Archetipi comportamentali anziché personaggi

Immagine di Jakob Owens

Come designer comportamentale, riesco a lavorare su diversi brief di progettazione che vanno dalla UX e dalla progettazione del servizio per aiutare le aziende a diventare più incentrate sul cliente. Dalla nostra esperienza, abbiamo scoperto che diversi tipi di progetti richiedono un diverso tipo di strumenti di "persona" a seconda di come e da chi verranno utilizzati. Questo post si concentra sulla progettazione di archetipi comportamentali per la strategia di centralità del cliente.

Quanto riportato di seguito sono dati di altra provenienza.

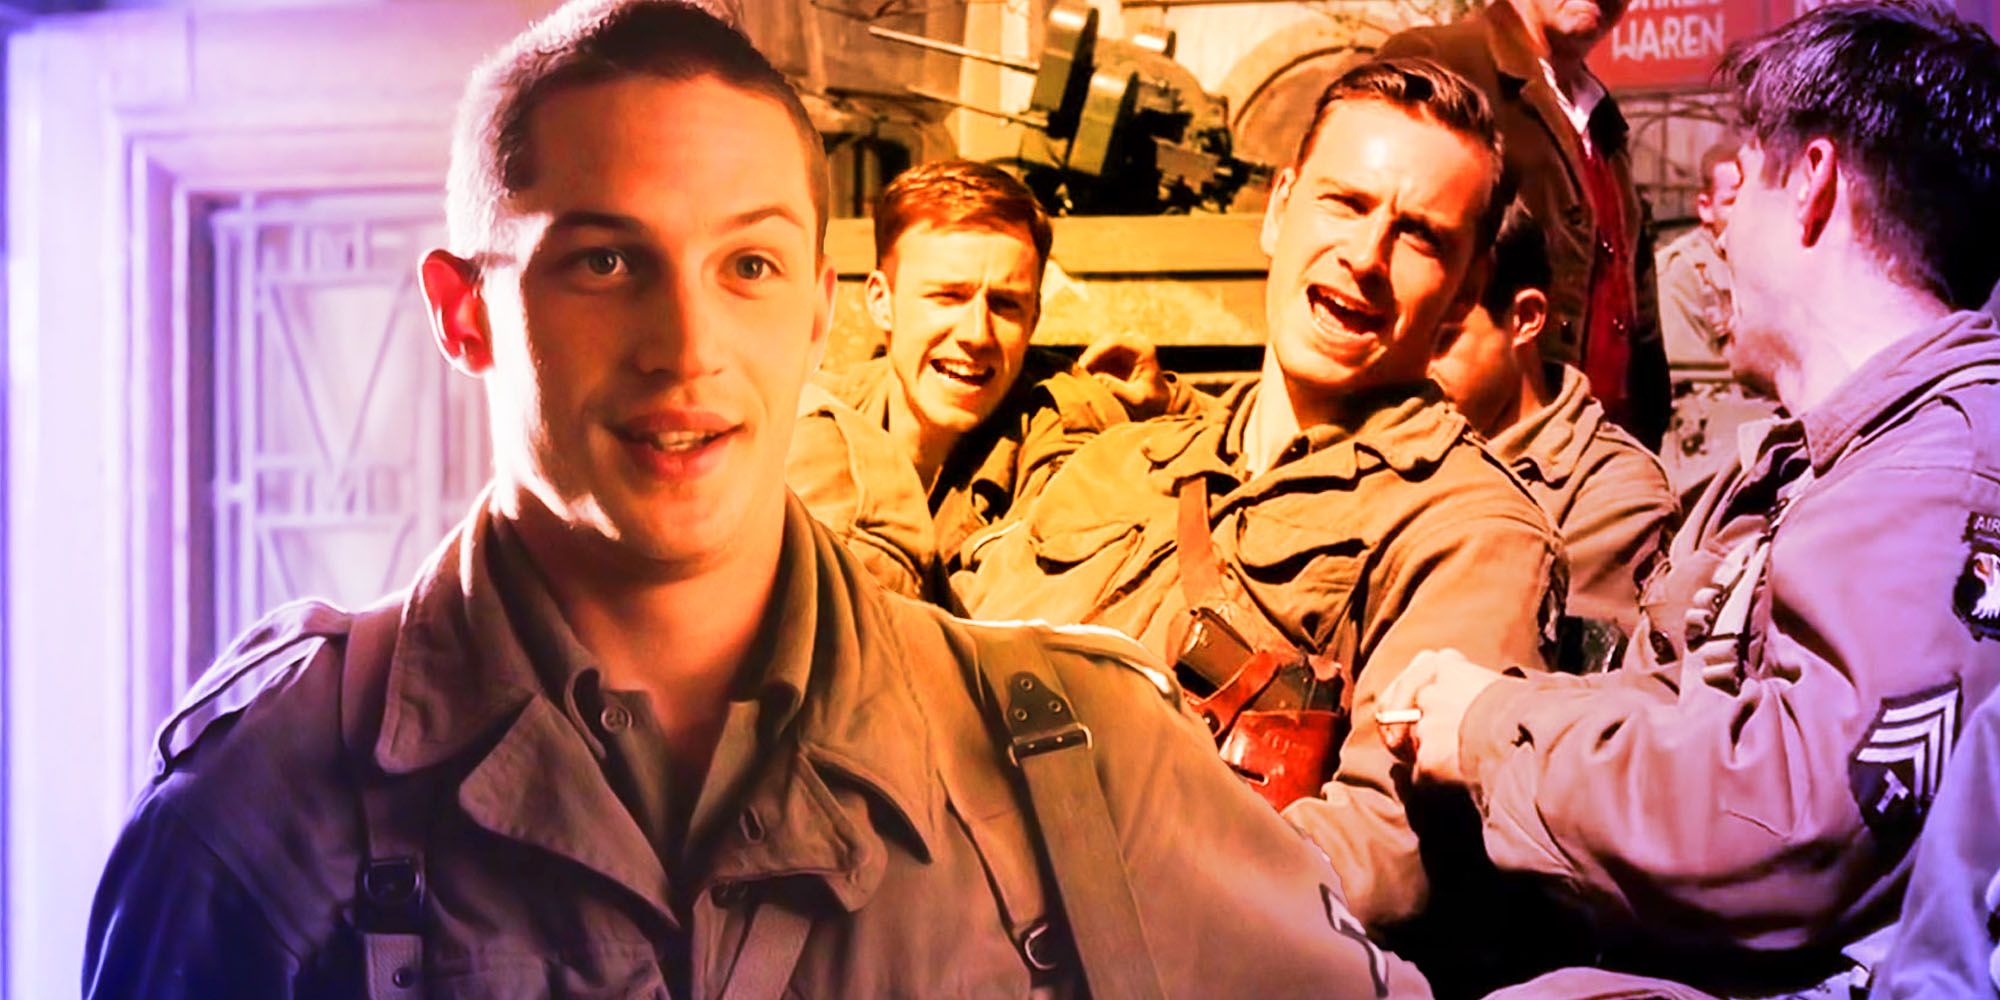 Blended, colorful image of Tom Hardy smiling and Michael Fassbender celebrating with fellow soldiers in Band of Brothers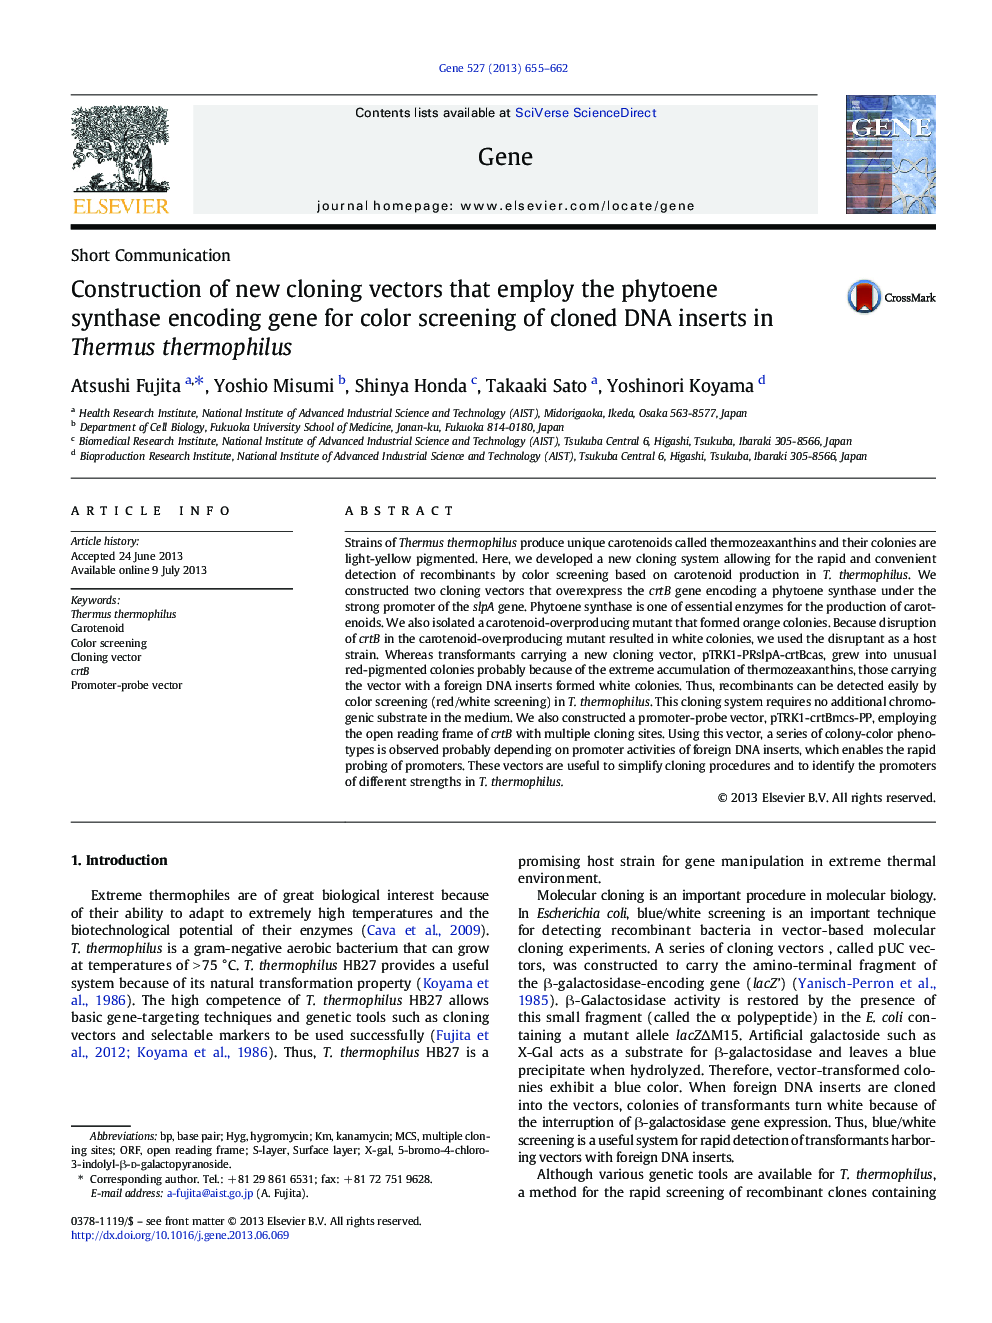 Construction of new cloning vectors that employ the phytoene synthase encoding gene for color screening of cloned DNA inserts in Thermus thermophilus

Perché usare archetipi comportamentali?

In un progetto incentrato sul cliente, l'output è una strategia per mostrare la strada da percorrere e il design dell'esperienza del cliente sta informando su come arrivarci. Questo tipo di progetto richiede un diverso tipo di persona: li chiamiamo archetipi comportamentali.

Lo scopo è quello di educare le parti interessate nell'azienda cliente (esterne al team di progettazione) sui loro clienti esistenti in modo che possano adattare i loro obiettivi di business a un servizio migliore. Ciò è necessario perché tradizionalmente le aziende si concentrano principalmente sul proprio prodotto e su ciò che è importante per l'azienda, ma tendono a dimenticare (o non sapere affatto) ciò che è importante per i propri clienti.

Il termine archetipo comportamentale è più accurato in quanto si riferisce a un tipico esempio di comportamenti del cliente che è caratteristico di un sottoinsieme di gruppo del pubblico, mentre il termine persona rappresenta una rappresentazione di una persona individuale che porta molta soggettività.

Cosa sono gli archetipi comportamentali?

Gli archetipi comportamentali sono modelli strutturati di risposte dei clienti a un marchio. Come suggerisce il nome, attingono al livello comportamentale dell'elaborazione cognitiva. In poche parole, l'attenzione è rivolta a chi fa cosa, come lo fa e perché.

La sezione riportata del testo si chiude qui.